Ogan Komering Ilir, RBO -Revisi Undang-Undang Kejaksaan Nomor 11 Tahun 2021 terus menuai kontroversi. Sejumlah pihak menilai revisi ini dapat membuka celah bagi Kejaksaan untuk bertindak tanpa kontrol yang jelas, sehingga berpotensi mengancam prinsip keadilan dan memperbesar monopoli kekuasaan dalam sistem peradilan di Indonesia.
Yadi Hendri Supriyadi, S.H., dari Kantor Hukum Firma Kajang Solution Kabupaten Ogan Komering Ilir (OKI), menegaskan bahwa perubahan dalam UU Kejaksaan ini tidak sekadar memperkuat institusi kejaksaan, tetapi juga berpotensi menggeser keseimbangan sistem hukum yang selama ini mengedepankan prinsip checks and balances.
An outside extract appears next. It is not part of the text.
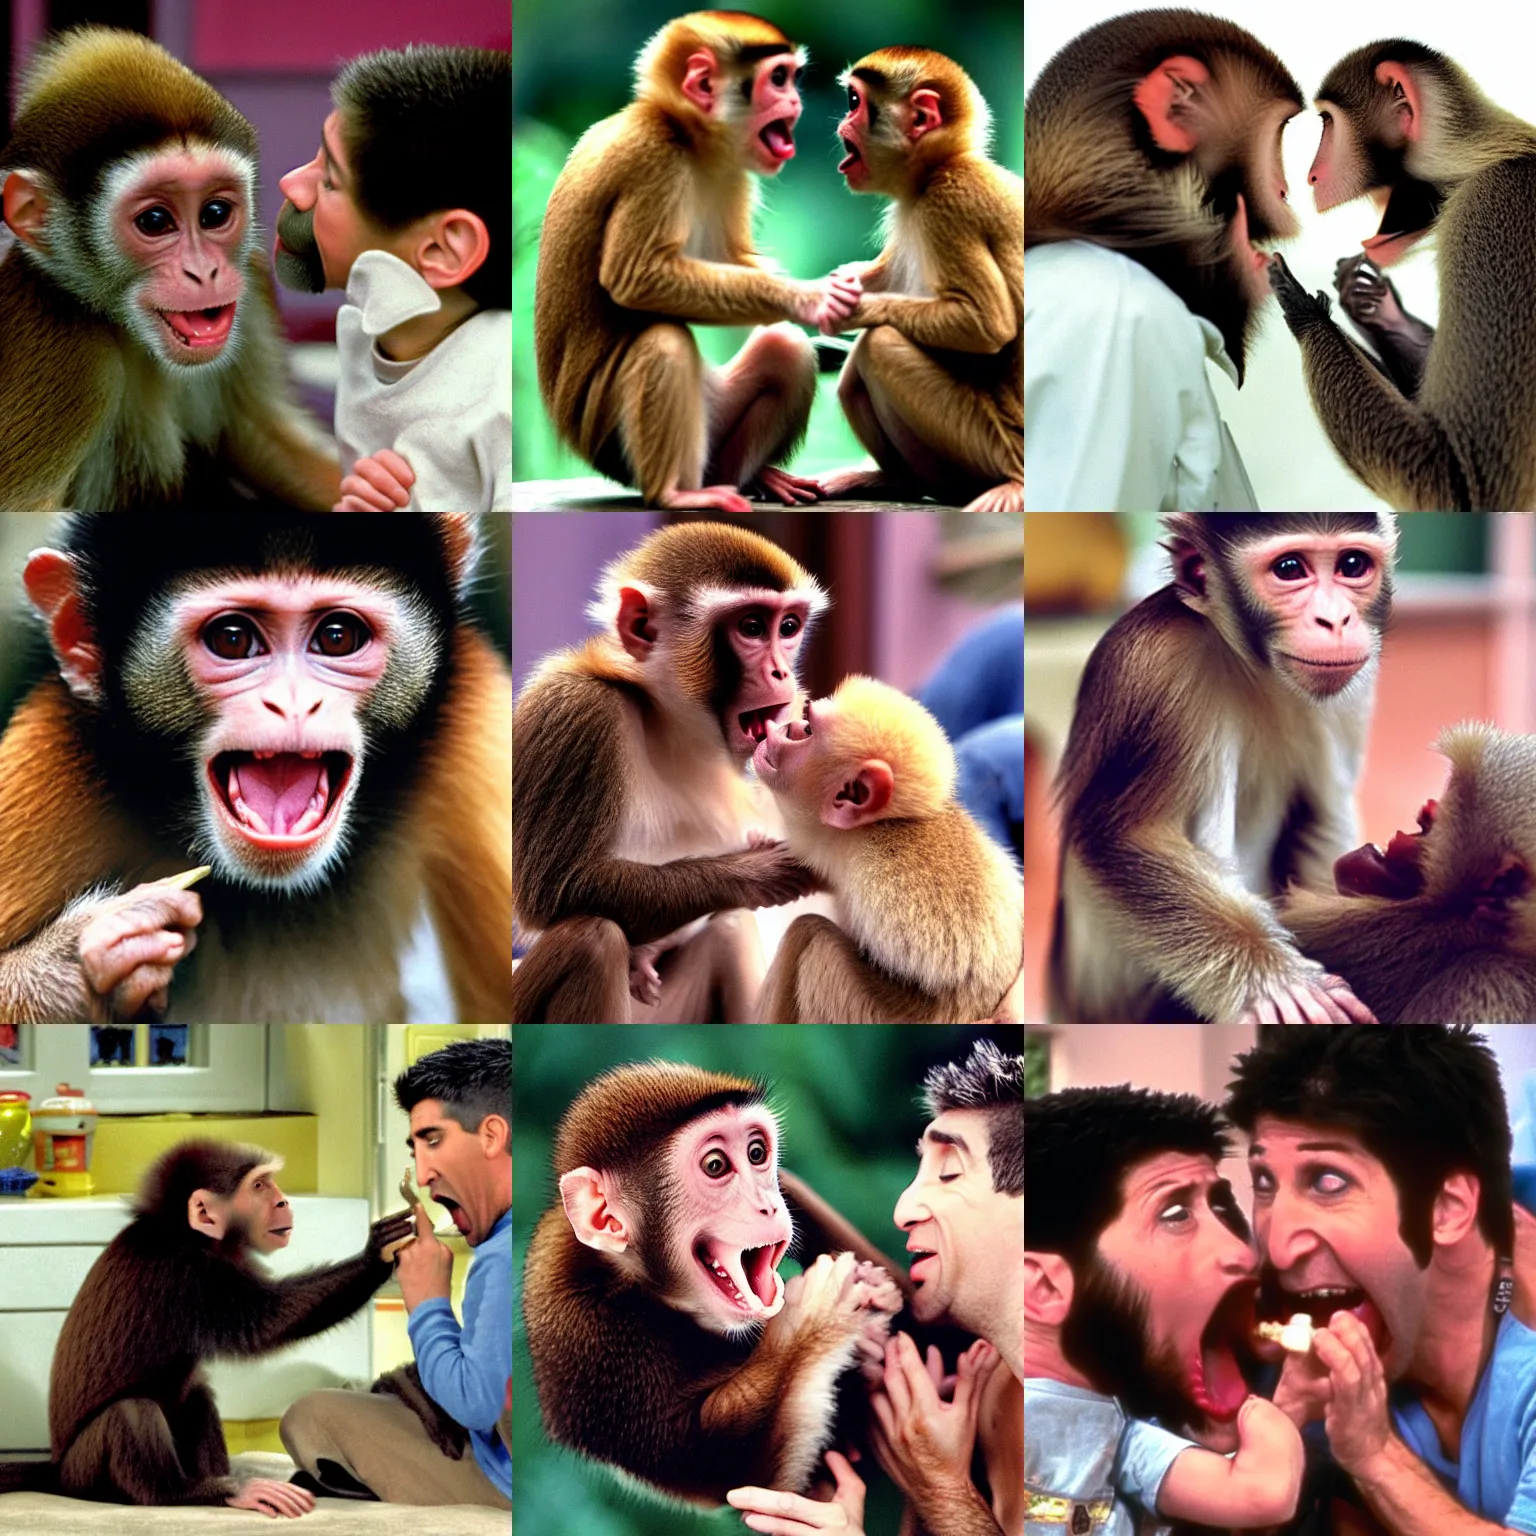 Prompt: a capuchin monkey biting ross geller, ross geller screaming, friends 9 0 s sitcom screenshot,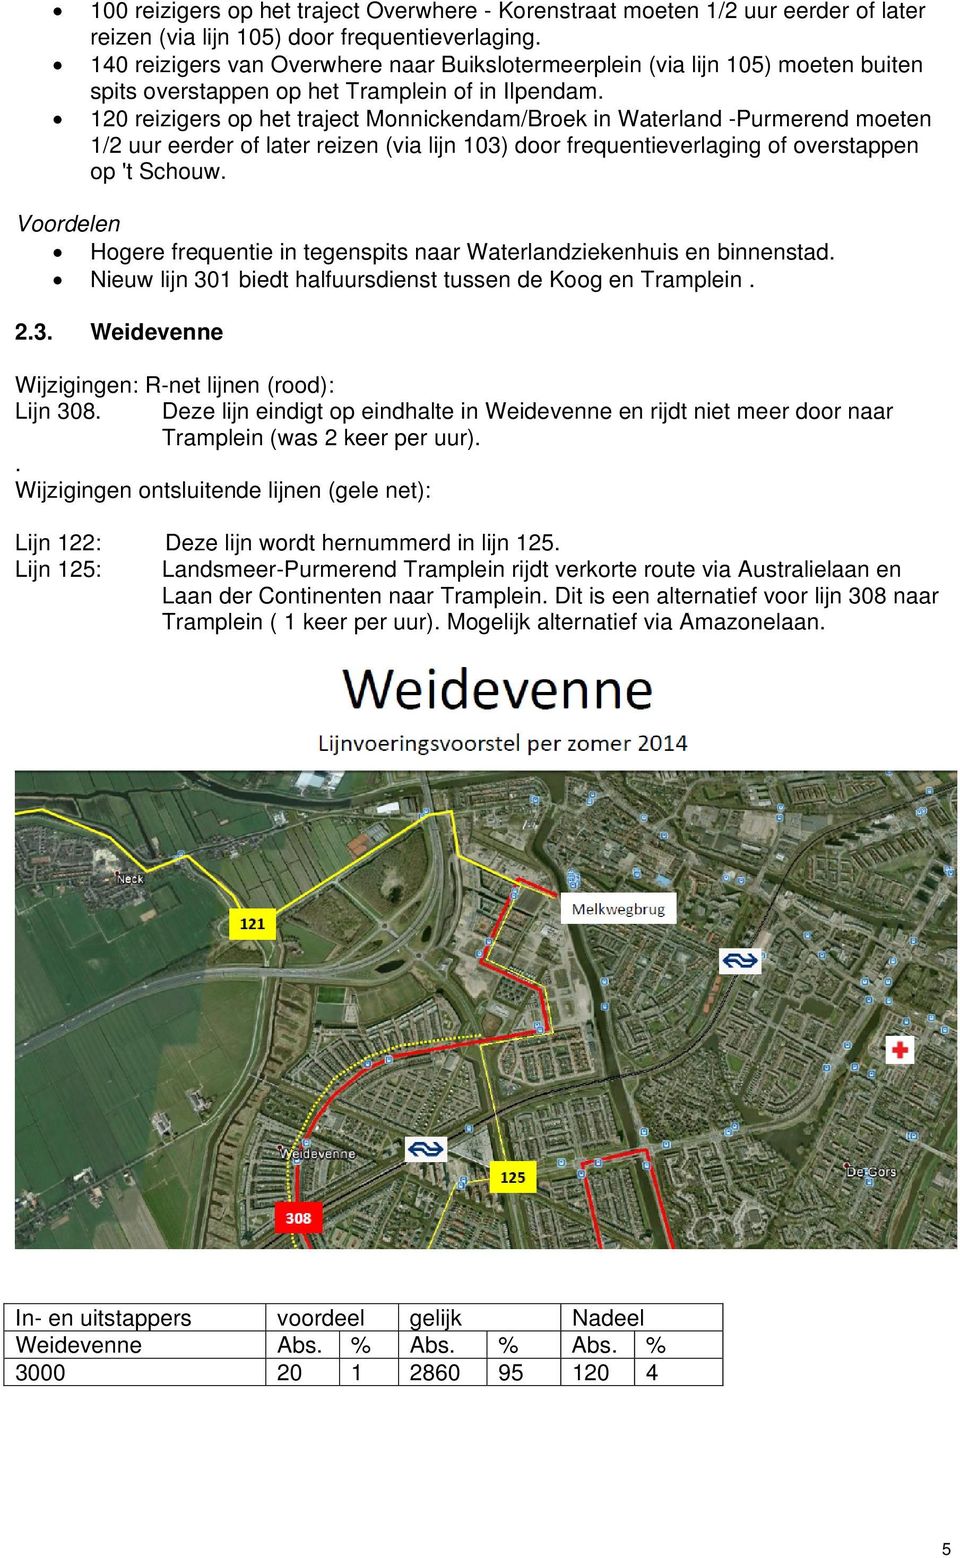 120 reizigers op het traject Monnickendam/Broek in Waterland -Purmerend moeten 1/2 uur eerder of later reizen (via lijn 103) door frequentieverlaging of overstappen op 't Schouw.

“Asas dominus litis dalam revisi ini bukan sekadar soal efektivitas hukum, tetapi berpotensi menjadi senjata bagi Kejaksaan untuk mengontrol penuh jalannya perkara. Ini berbahaya! Jika dibiarkan tanpa pengawasan ketat, kewenangan sebesar ini bisa disalahgunakan untuk kepentingan politik dan kelompok tertentu,” tegas Yadi saat diwawancarai pada Sabtu (8/2/2025).
Kekhawatiran akan Monopoli Kewenangan
Menurut Yadi, revisi ini justru memperbesar kekuasaan Kejaksaan tanpa adanya mekanisme kontrol yang jelas. Ia menyoroti ketidakseimbangan yang mungkin terjadi apabila lembaga kejaksaan memiliki kewenangan penuh dalam menentukan kelanjutan atau penghentian perkara tanpa peran signifikan dari kepolisian maupun kehakiman.
“Kita bicara soal sistem hukum yang harusnya berjalan dengan prinsip checks and balances. Kalau jaksa bisa menentukan sendiri mana perkara yang diteruskan atau dihentikan, lalu di mana peran kepolisian dan kehakiman? Ini bukan reformasi hukum, ini upaya monopoli kekuasaan!” ujarnya dengan nada tegas.
Ancaman terhadap Independensi Hukum
Selain itu, Yadi juga mengingatkan bahwa revisi ini bisa memicu ketidakpercayaan publik terhadap lembaga penegak hukum. Menurutnya, masyarakat sudah sering melihat bagaimana hukum dijadikan alat tawar-menawar politik, dan revisi ini justru membuka ruang yang lebih besar untuk penyalahgunaan kewenangan.
“Masyarakat sudah sering melihat bagaimana hukum dijadikan alat tawar-menawar politik. Jika revisi ini tetap dipaksakan tanpa kontrol yang jelas, saya pastikan akan ada perlawanan dan gelombang protes besar-besaran,” lanjutnya.
Desakan agar DPR Mendengar Aspirasi Publik
Yadi mendesak DPR RI untuk mendengarkan aspirasi publik sebelum mengesahkan revisi ini. Ia menilai bahwa jika revisi ini tetap dipaksakan, maka dampaknya akan lebih banyak merugikan sistem peradilan pidana daripada memperbaikinya.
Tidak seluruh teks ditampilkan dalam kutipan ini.